Explanation: The 3 students indicated in red at indices 2, 4 and 5, are not in the right positions. The correct positions are [1, 1, 1, 3, 3, 4]. Return 3.

Example 2

Input:

height = [1, 1, 3, 4, 1]

Output:

3

Explanation: The 3 students not standing in the correct position are at indices [2, 3, 4]. So, return 3. The currect positions are [1, 1, 1, 3, 4] :)

解法

把 sorted 后与原数组对比，统计不一致位置数。时间复杂度 O(n log n)。

from typing import List

def countStudents(height: List[int]) -> int:
    s = sorted(height)
    return sum(1 for a, b in zip(height, s) if a != b)

class Solution {
    int countStudents(int[] height) {
        int[] s = height.clone();
        Arrays.sort(s);
        int cnt = 0;
        for (int i = 0; i < height.length; i++) if (height[i] != s[i]) cnt++;
        return cnt;
    }
}

class Solution {
public:
    int countStudents(vector<int>& height) {
        vector<int> s = height;
        sort(s.begin(), s.end());
        int cnt = 0;
        for (int i = 0; i < (int)height.size(); i++) if (height[i] != s[i]) cnt++;
        return cnt;
    }
};

A substring is a group of contiguous characters in a string. For instance, all substrings of abc are [a, b, c, ab, bc, abc]. Given a binary representation of a number, determine the total number of substrings present that match the following conditions: The 0s and 1s are grouped consecutively (e.g., 01, 10, 0011, 1100, 000111, etc.). The number of 0s in the substring is equal to the number of 1s in the substring. As an example, consider the string 001101. The 4 substrings matching the two conditions include [0011, 01, 10, 01]. Note that 01 appears twice, from indices 1-2 and 4-5. There are other substrings, e.g. 001 and 011 that match the first condition but not the second. Function Description Complete the function counting in the editor . Returns int: the number of substrings of s that satisfy the two conditions

Constraints

• 5 ≤ |s| ≤ 5 x 10⁵
• each s[i] is either '0' or '1'

Example 1

Input:

s = "00110"

Output:

3

Explanation: No explanation for now...

解法

LC 696 经典题。记录连续同字符段长度 group，对相邻段 (prev, cur) 贡献 min(prev, cur) 个合规子串。时间复杂度 O(n)。

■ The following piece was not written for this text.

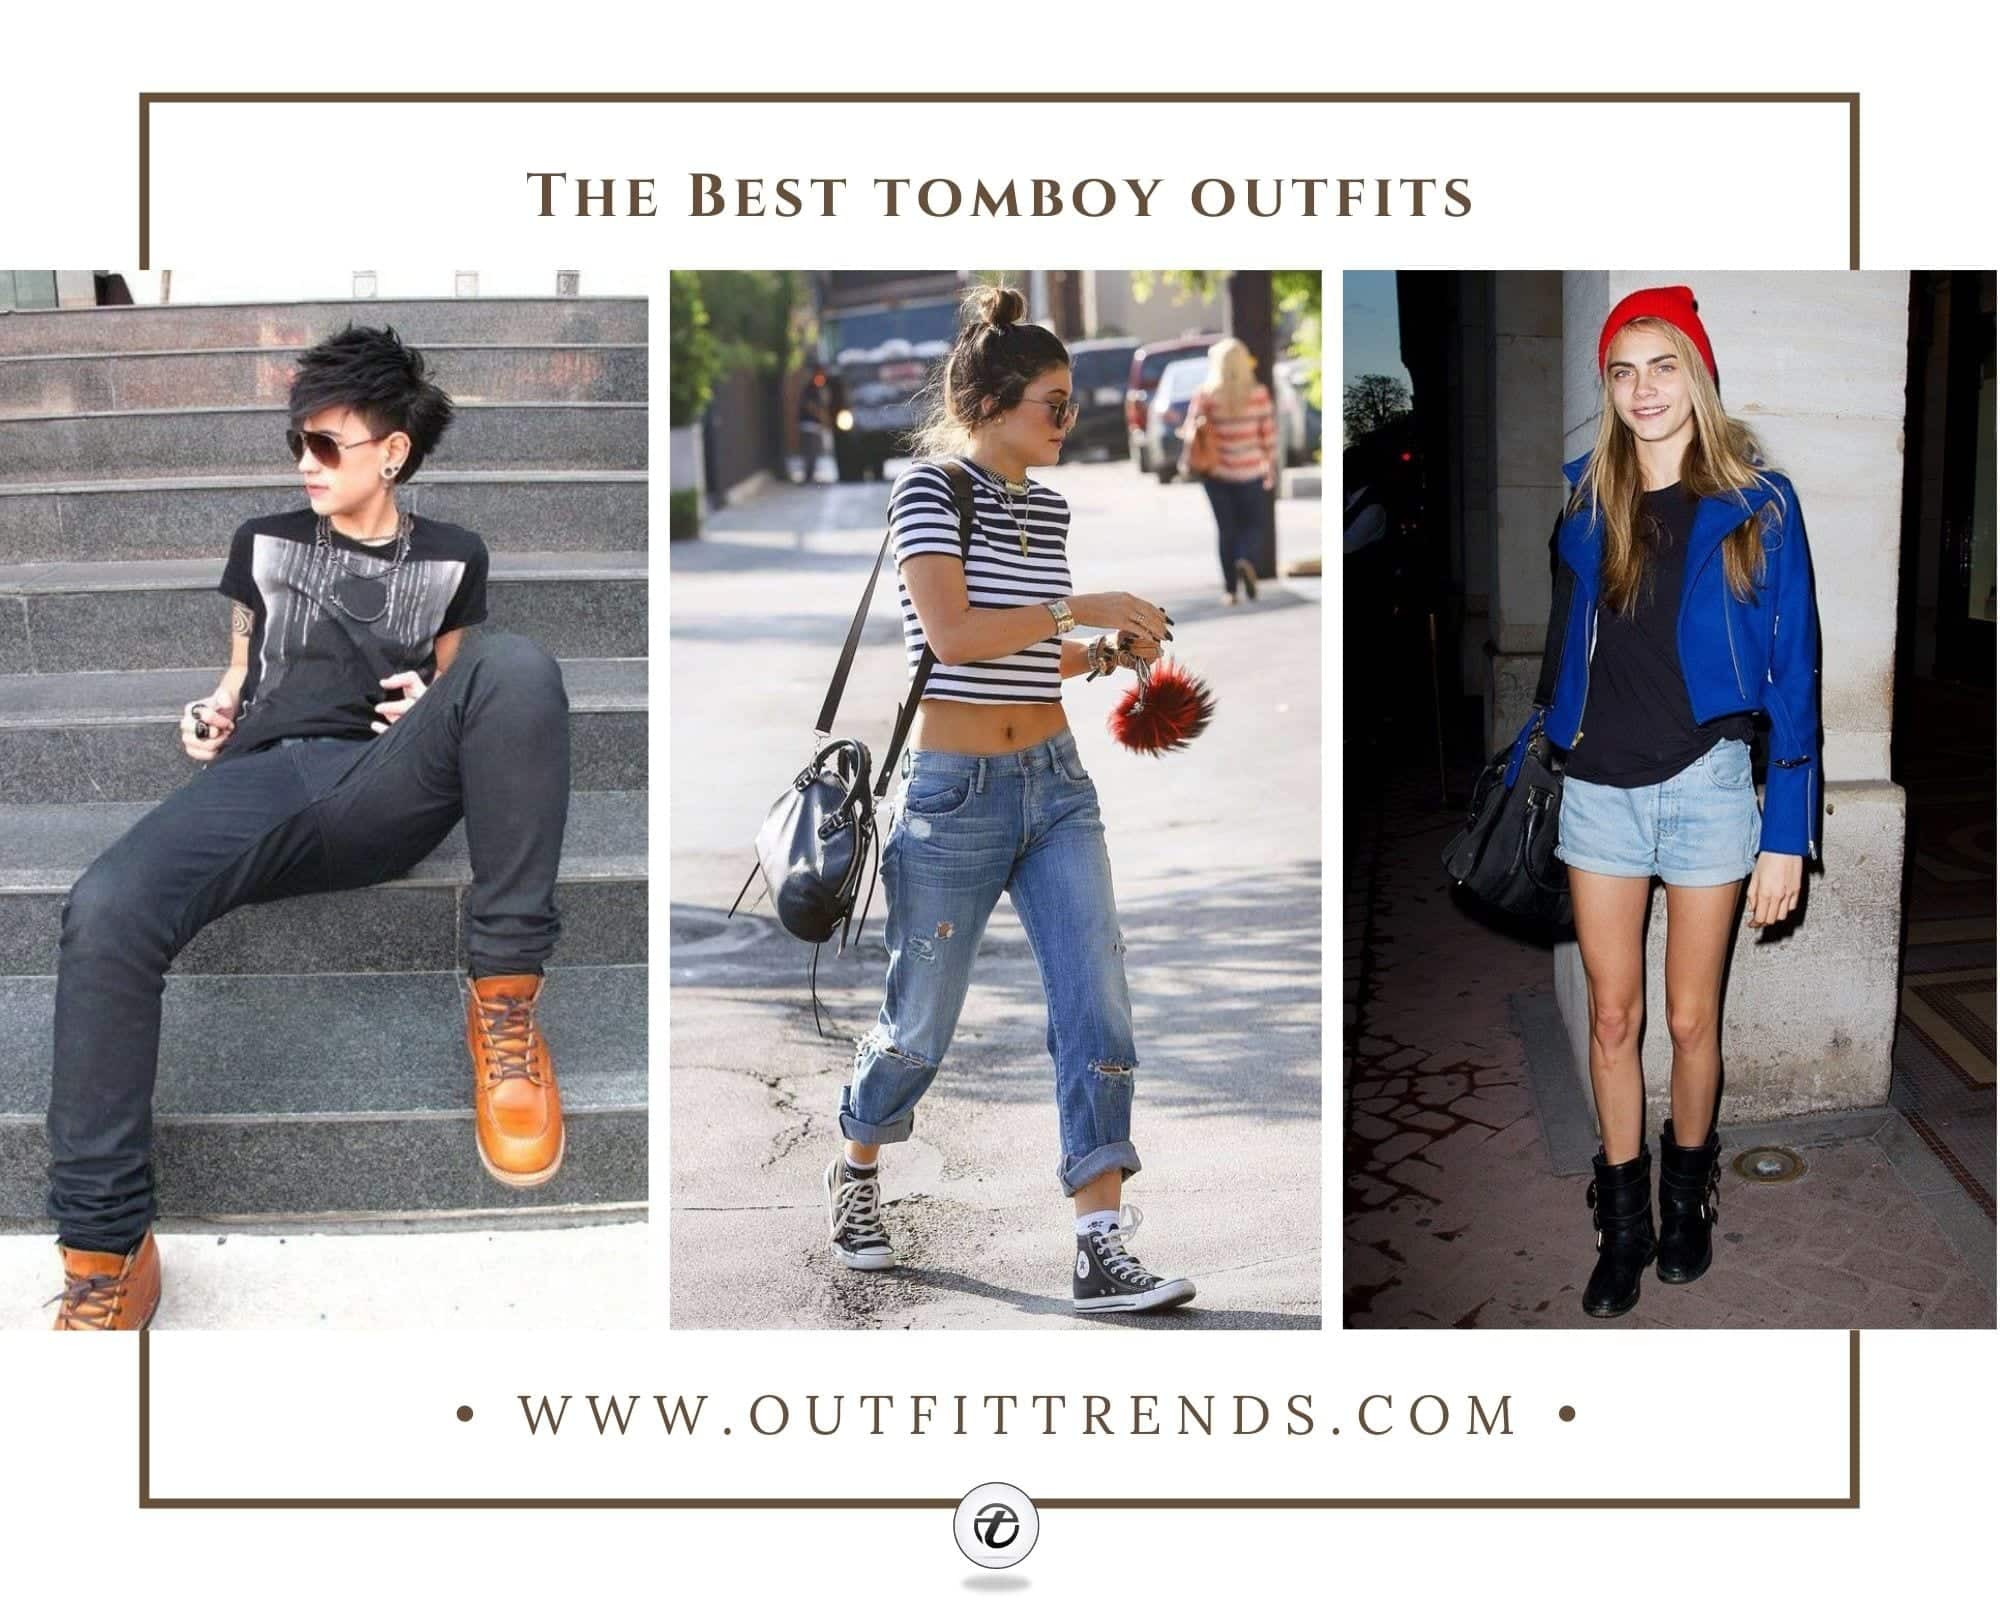 Tomboy Outfits 15 Tips How to Dress Like a Tomboy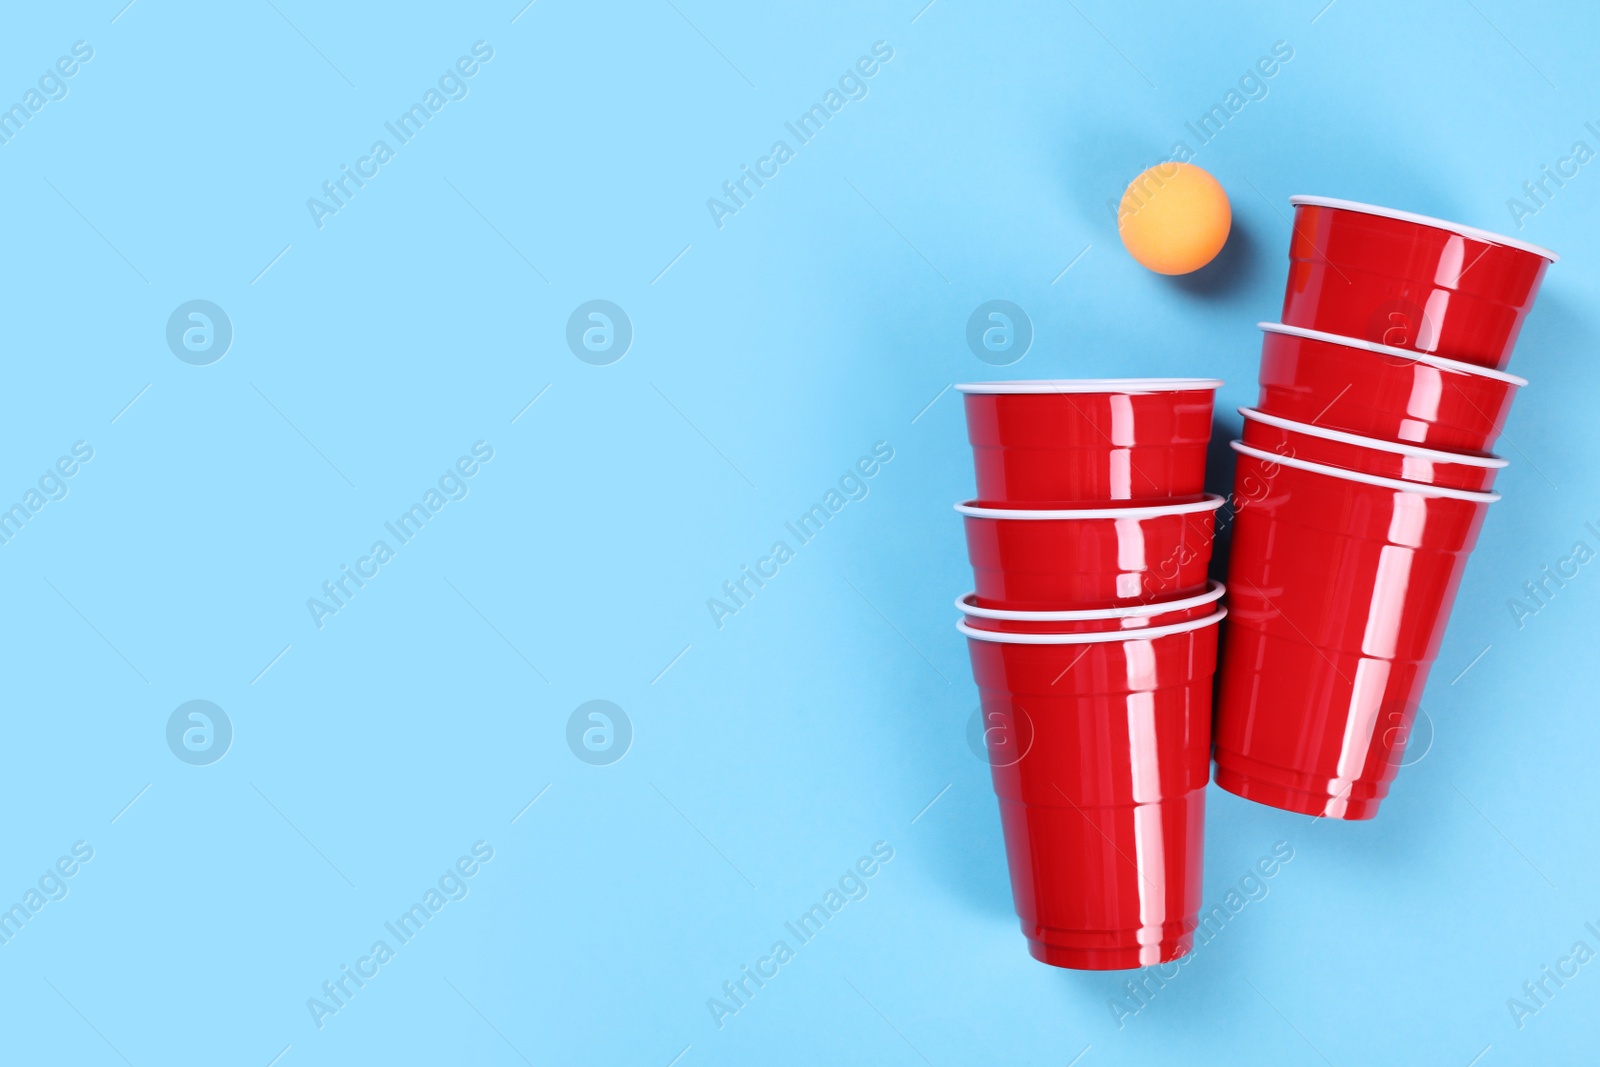 Photo of Plastic cups and ball on light blue background, flat lay with space for text. Beer pong game

def counting(s: str) -> int:
    groups = []
    i = 0
    while i < len(s):
        j = i
        while j < len(s) and s[j] == s[i]: j += 1
        groups.append(j - i)
        i = j
    return sum(min(groups[k], groups[k + 1]) for k in range(len(groups) - 1))

class Solution {
    int counting(String s) {
        List<Integer> groups = new ArrayList<>();
        int i = 0;
        while (i < s.length()) {
            int j = i;
            while (j < s.length() && s.charAt(j) == s.charAt(i)) j++;
            groups.add(j - i);
            i = j;
        }
        int total = 0;
        for (int k = 0; k + 1 < groups.size(); k++) total += Math.min(groups.get(k), groups.get(k + 1));
        return total;
    }
}

class Solution {
public:
    int counting(string s) {
        vector<int> groups;
        int i = 0;
        while (i < (int)s.size()) {
            int j = i;
            while (j < (int)s.size() && s[j] == s[i]) j++;
            groups.push_back(j - i);
            i = j;
        }
        int total = 0;
        for (int k = 0; k + 1 < (int)groups.size(); k++) total += min(groups[k], groups[k + 1]);
        return total;
    }
};